* Source data *
========================================================================

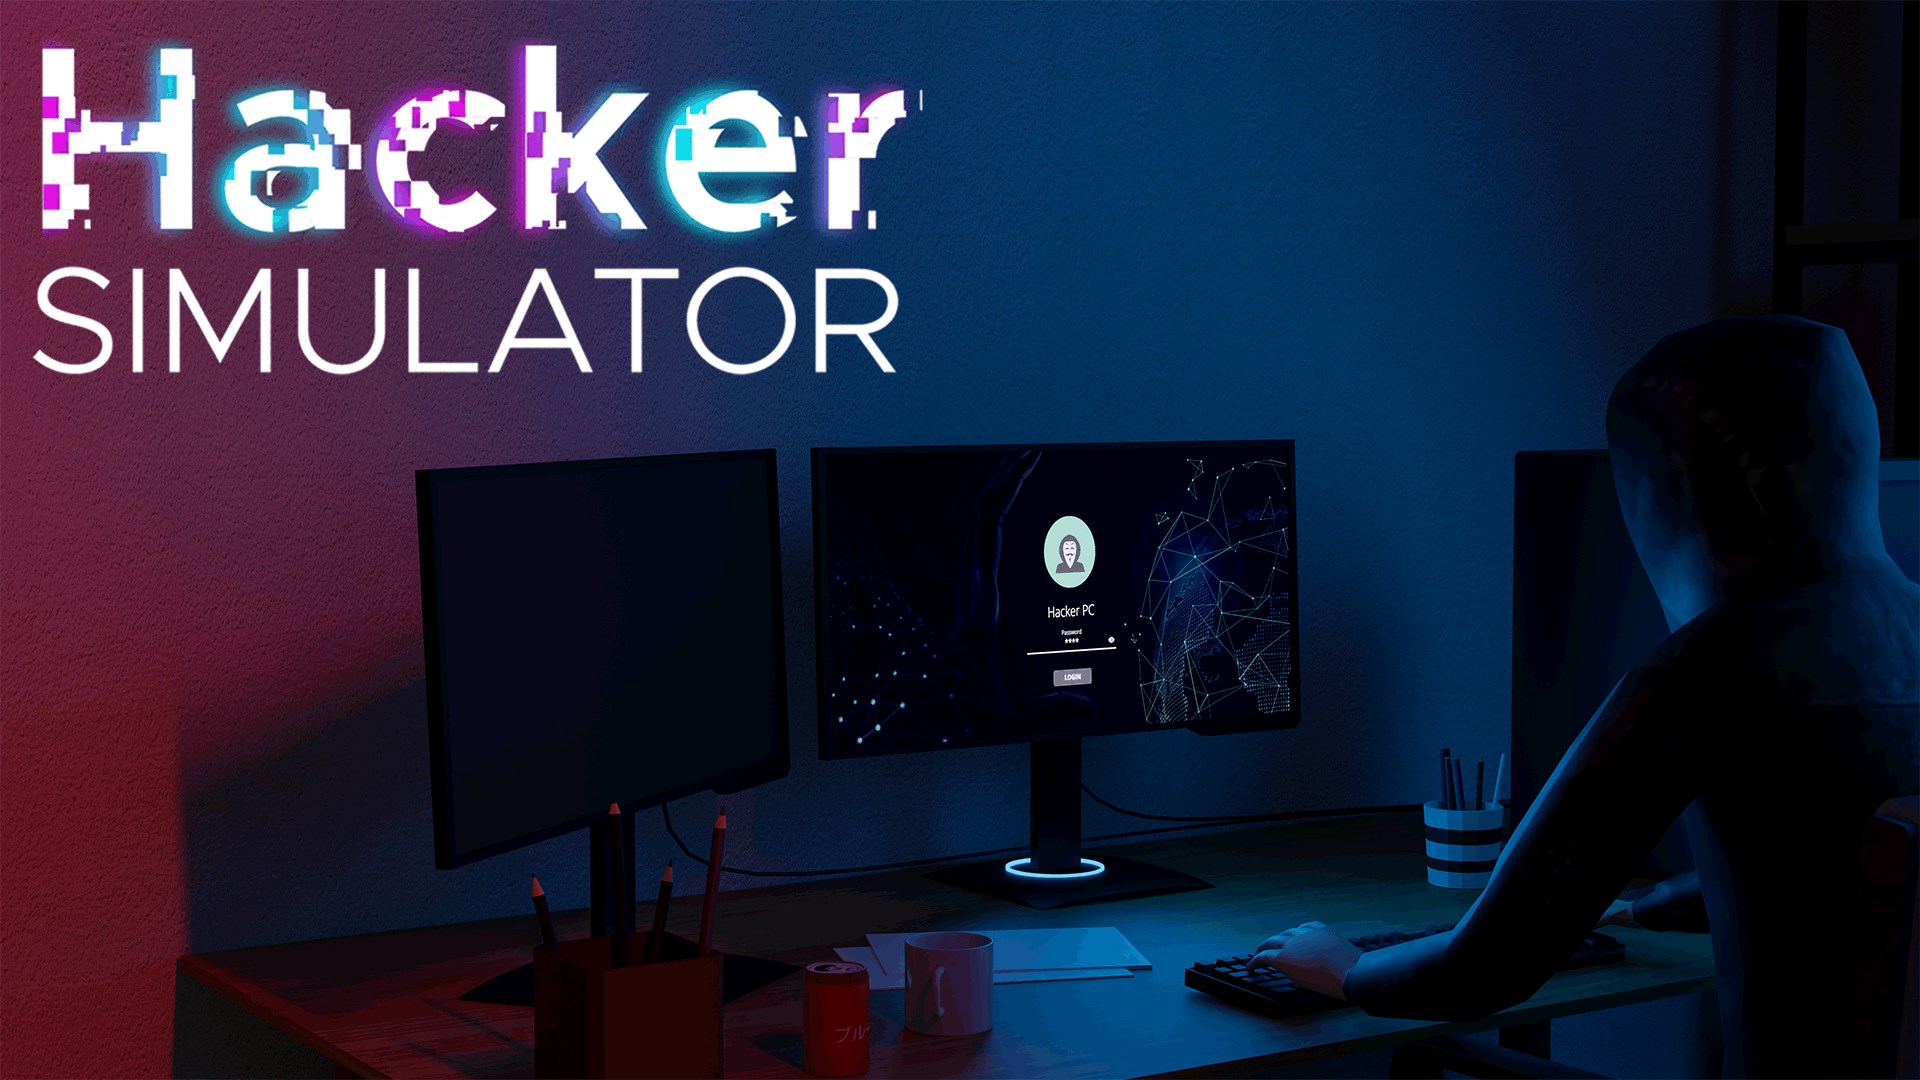 Hacker Simulator - Download
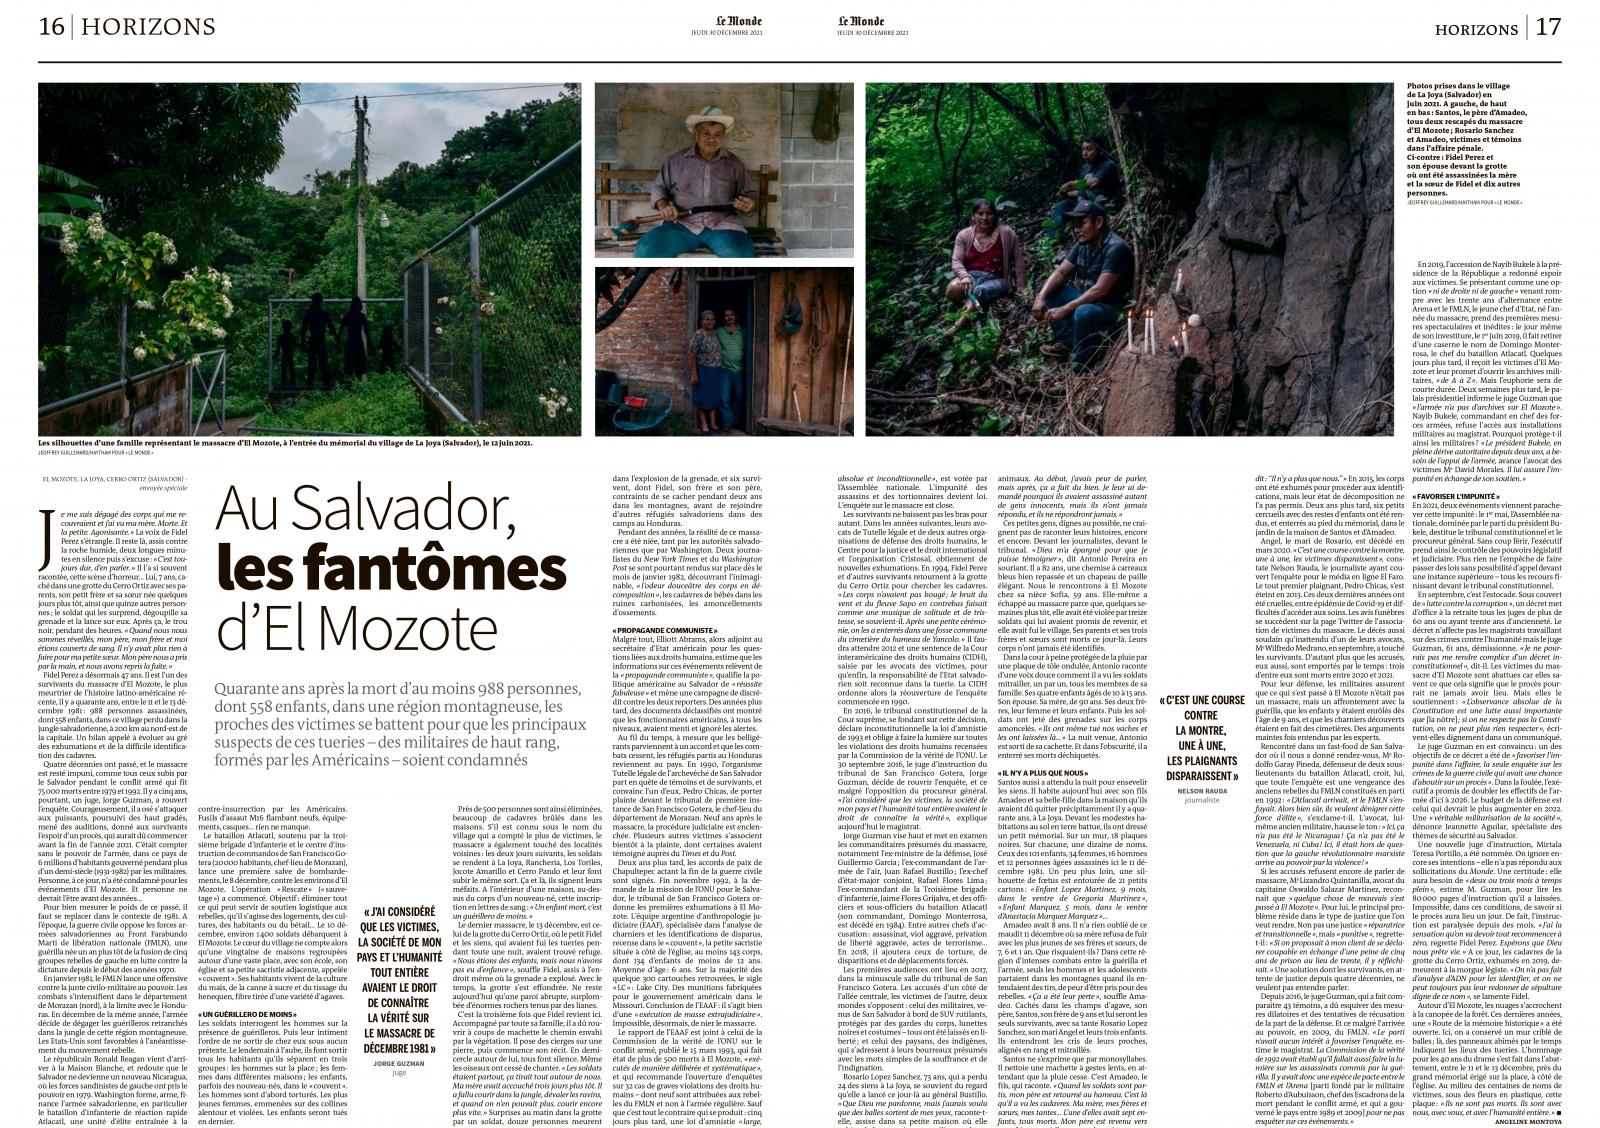 The El Mozote Massacre for Le Monde
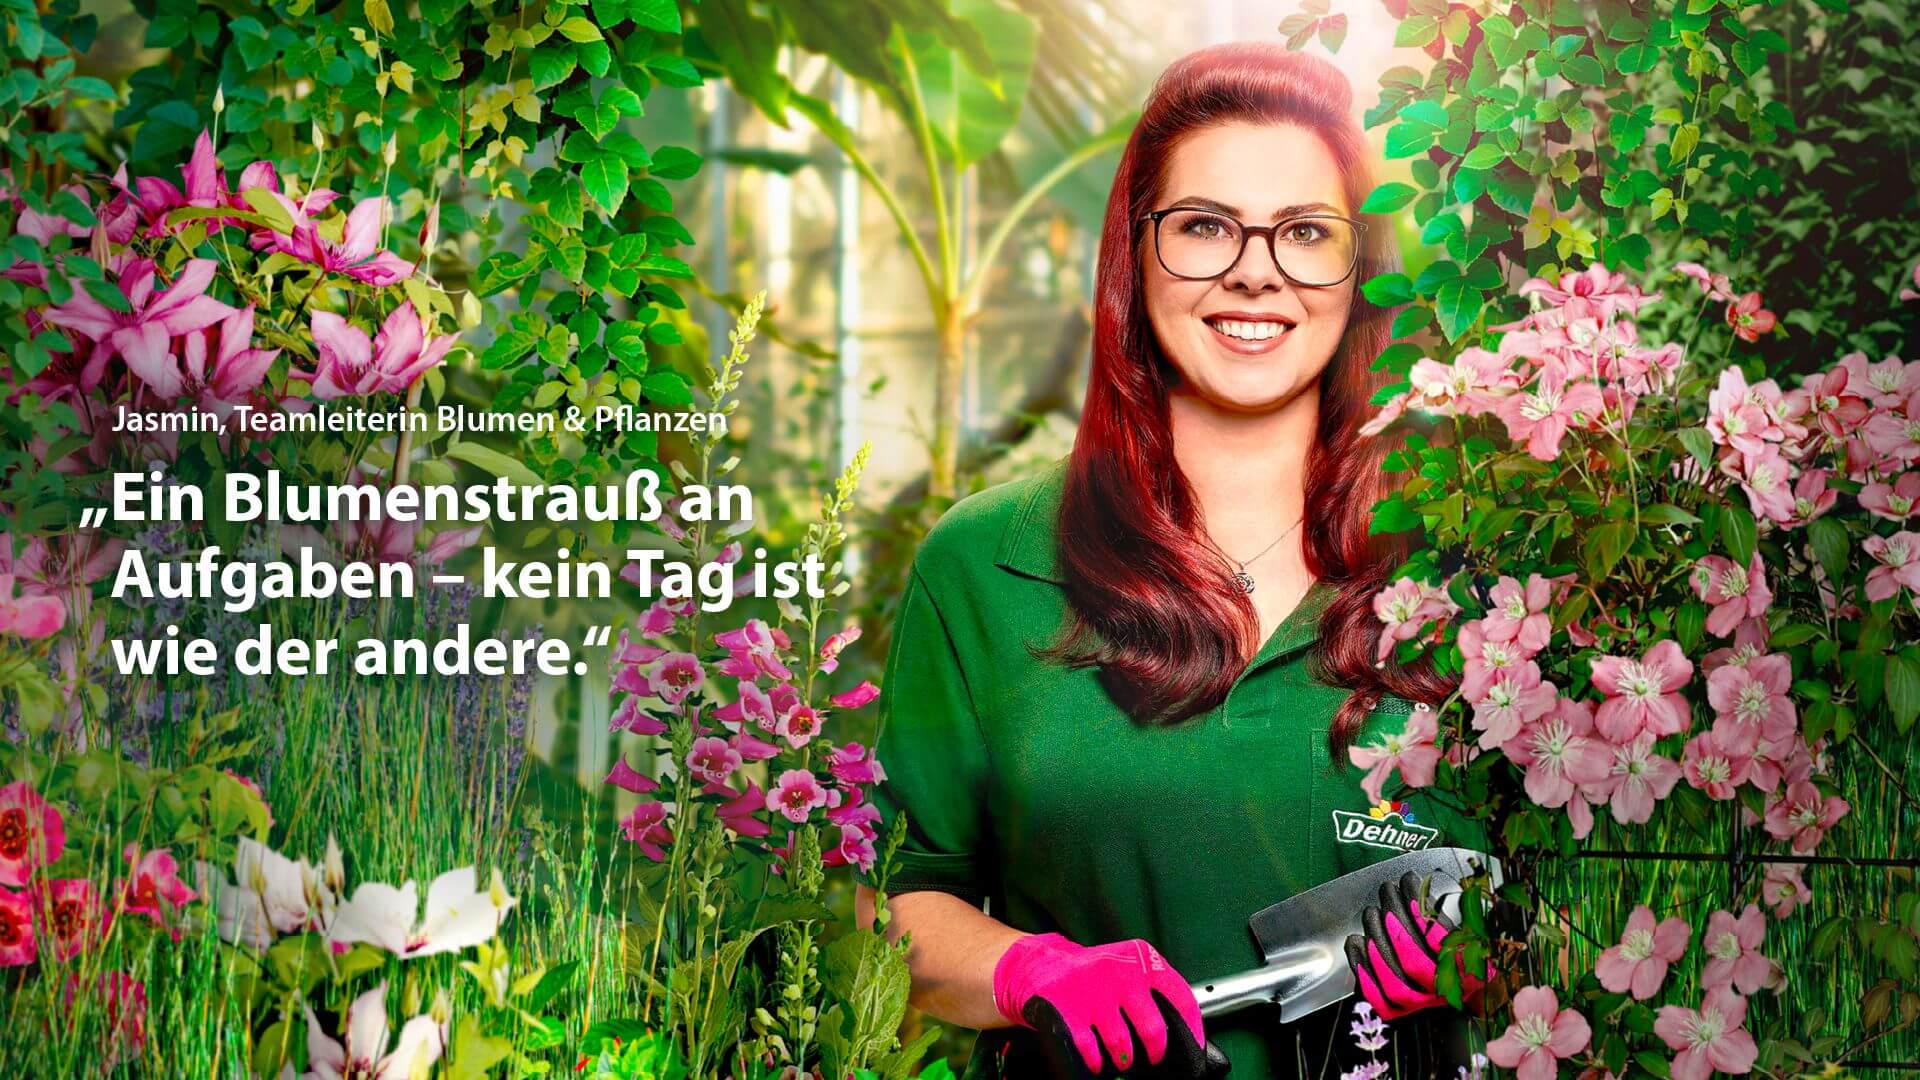 Keyvisual von Dehner, eine Mitarbeiterin mit Gärtnerhandschuhen im Grünen

========================================================================

* Instructions to follow *
Return the complete material exactly as it appears, without images.

* Result *
 Hacker Simulator - Download
 The El Mozote Massacre for Le Monde
 Keyvisual von Dehner, eine Mitarbeiterin mit Gärtnerhandschuhen im Grünen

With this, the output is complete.